She played three-octave scales as softly as she could. Tucking the violin under her chin always calmed her, until she heard sloppy bow work on simple études. Just playing chords and double-stops was difficult enough. She should’ve practiced before she’d read the Times and started rethinking her story. She pulled out one of the solos in Vivaldi’s Four Seasons and hummed the first page to herself. Yet as soon as she began playing, it sounded strained. She was holding the bow too tightly or moving it too slowly, and her aching fingers were too tense for vibratos. Five more tries, but it only got worse, her mind wandering now between Morgan and the fact she couldn’t play Vivaldi anymore, even the easier parts.
She woke her boy up and helped him dress. He b
rushed his teeth with his eyes closed, oblivious to her urgency, and yakked nonstop while chewing cereal about how he wanted to go to Hogwarts and be a child wizard too. When the phone rang, she saw her childhood number pop up and groaned.
“Hi, Mom.”
“Oh, Helen!” her mother blurted. “I didn’t expect to get you!”

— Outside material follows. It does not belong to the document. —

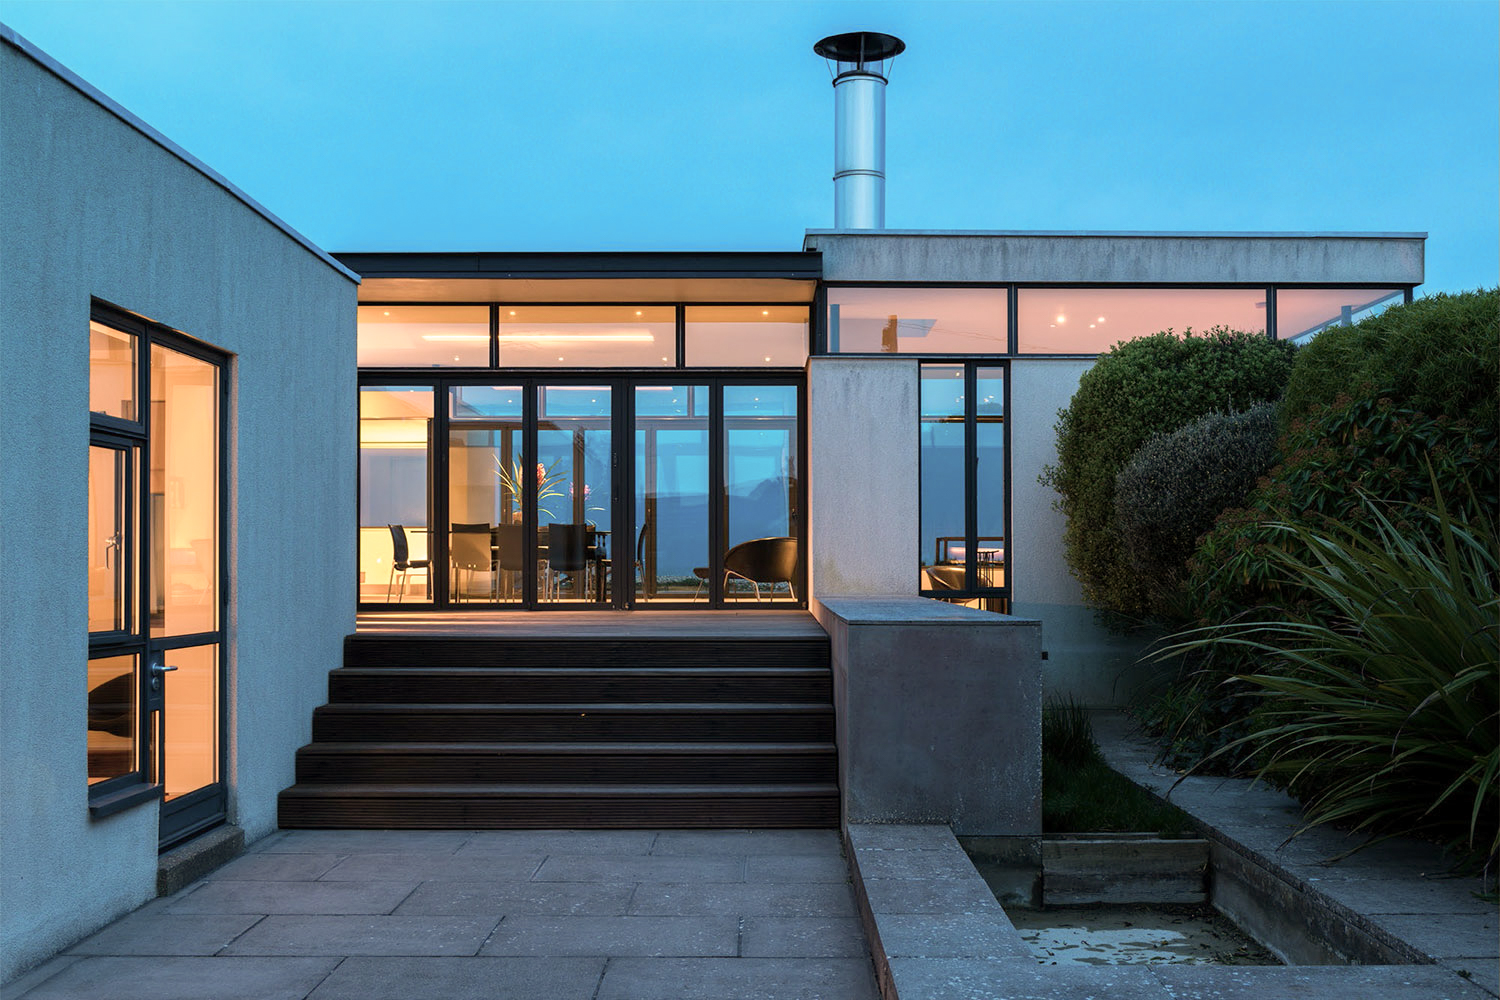 PAGHAM BEACH HOUSE - West Sussex, Great Britain, UK

“Been working hard, and now I’ve gotta get Elias to preschool. I’ll try to call you tonight, okay?”
Elias big-eyed her. “Granny?”
She glanced at the clock. They were already late. “Elias wants to say hi.”
Her parents had been clamoring to visit ever since she got settled. They couldn’t grasp that her apartment was too small and that even modest hotels were too expensive out here. Plus, she didn’t want them to see how far her life had fallen short of their imagination. It was easy to picture her mother tidying, cooking and ironing, desperately trying to make this place homey while her father paced, jingling keys, in between trips to the nearest Dunkin’ Donuts. His voice boomed through the phone now. “That my grandson?”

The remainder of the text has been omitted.